When the i-th actuator malfunctions, we may inverse solve for the magnitude of the remaining swing angle after redistribution by the CAM, i.e.

(43) \begin{align}u' = {({B^{\rm{*}}})^{ - 1}}M\end{align}

Based on the above method, FTC under actuator failure is achieved, as shown in Fig. 6.

Figure 6. Flow chart of launch vehicle active FTC.

5.2 Fault tolerant control under sensor failure

After using the MMFD algorithm for fault detection of the launch vehicle, if only the faulty sensors are separated, it will lead to a reduction of the monitored measurement parameters, which will not accurately reflect the flight attitude of the rocket and affect the normal operation of the controller.

Considering that the input variables of the jth filter do not contain faulty sensor data at the moment of fault, an accurate estimation of output and state variables can be realised. According to the system in Equation (11), the fault data of the jth sensor is replaced with the corresponding estimated data as shown in Fig. 6.

Fault injection is used to simulate defects during rocket flight, as shown in Fig. 6. When no fault is present, the measured signal y is directly output; when a fault is present, the MMFD method is used to detect and isolate faults of various fault types and to calculate the category and magnitude of the fault. Finally, the necessary reconfiguration steps are performed to mitigate the effects of the problem and restore system performance.

6.0 Numerical validations

To validate the efficiency of the suggested strategy, simulation analysis is performed for several launch vehicle failure scenarios. This study proposes eight Kalman filters for the FDD of actuators, as well as six Kalman filters for the FDD of sensors.

6.1 Faultless state

When the launch vehicle operates correctly, none of the residuals of SCKF and ACEKF weighted square values surpass the threshold value, as seen in Figs. 7 and 8.

Figure 7. The SCKF group diagram of the faultless state.

Figure 8. The ACEKF group diagram of the faultless state.
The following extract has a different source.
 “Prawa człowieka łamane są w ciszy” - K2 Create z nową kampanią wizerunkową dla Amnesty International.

It can be seen that when the system does not fail, there is a certain correspondence between the core stage engine swing angle and the boost engine swing angle, so the simulation curve of $\Delta {r_5}\sim \Delta {r_8}$ is also similar to $\Delta {r_1}\sim \Delta {r_4}$ , which is close to the zero-mean multivariate distribution. Due to the influence of wind interference, noise, and other factors, some of the residual values have slight fluctuations, but none of them exceed the set threshold.

The estimated value of the pendulum angle of the actuator corresponding to the EKF in the absence of faults is given in Fig. 9, and the actual value in the figure is the normal state value of the system. Due to no change in the rocket control torque, the actuator’s pendulum angle value is close to zero.
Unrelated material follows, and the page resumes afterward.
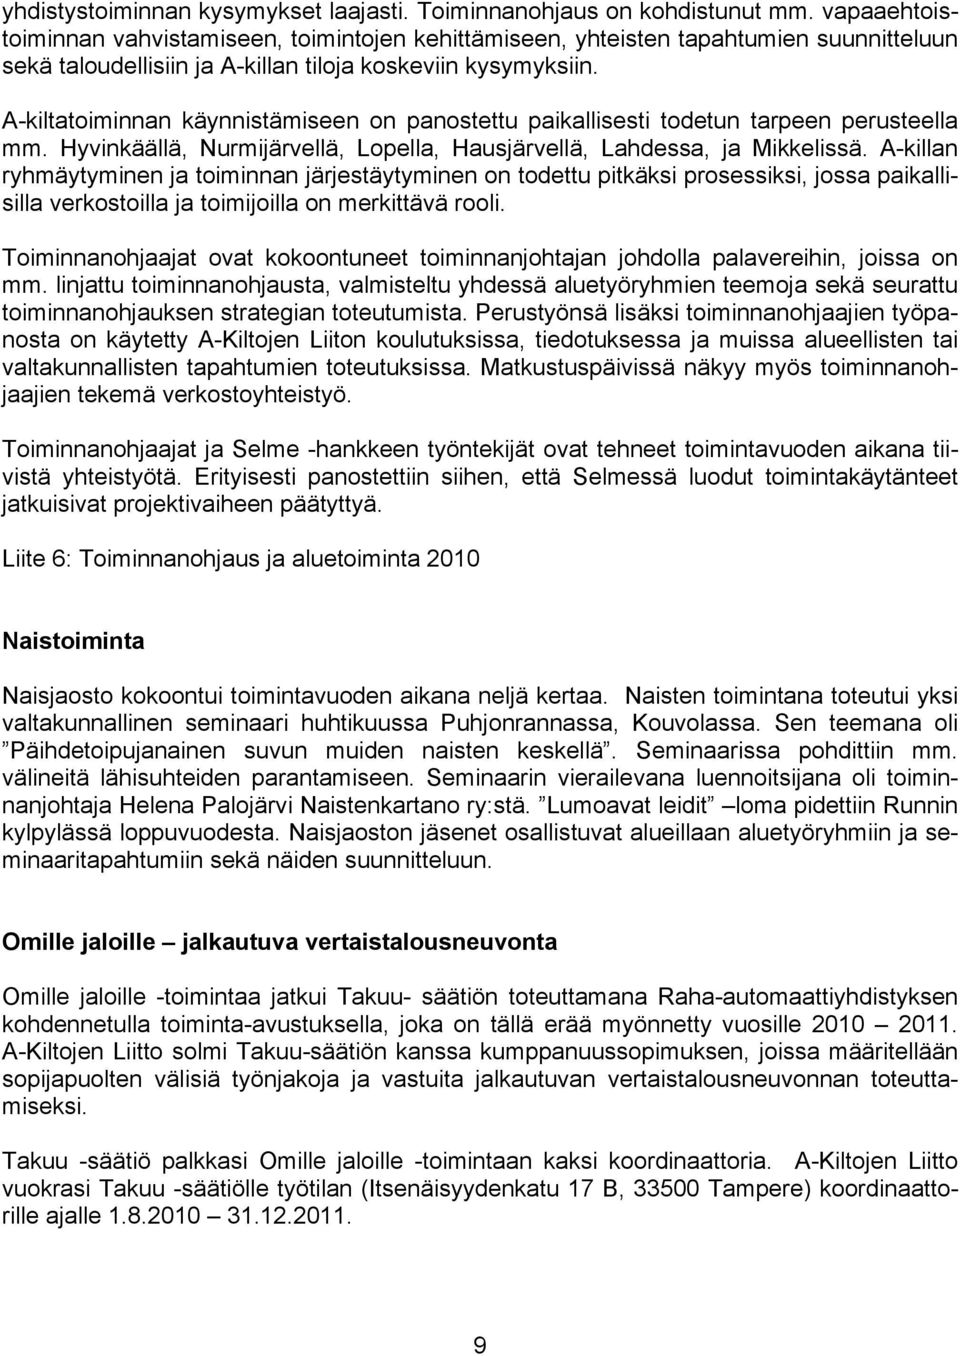 A-kiltatoiminnan käynnistämiseen on panostettu paikallisesti todetun tarpeen perusteella mm. Hyvinkäällä, Nurmijärvellä, Lopella, Hausjärvellä, Lahdessa, ja Mikkelissä.

Figure 9. Simulation curve of core stage swing angle.

Combining Figs. 79, it is clear that the ACEKF may estimate the angle of each pendulum angle of the actuator. Under fault-free conditions, the MMFD algorithm can perform health detection of the state of the launch vehicle servo mechanism or sensor.

6.2 Sensor failure

Fault 1: A 0.5% constant bias fault occurred in the launch vehicle yaw angle measurement element at the 60s, i.e., a bias fault occurred in the corresponding sensor 1. Figure 8 shows the 1-SCKF residuals simulation curve after the bias fault occurs.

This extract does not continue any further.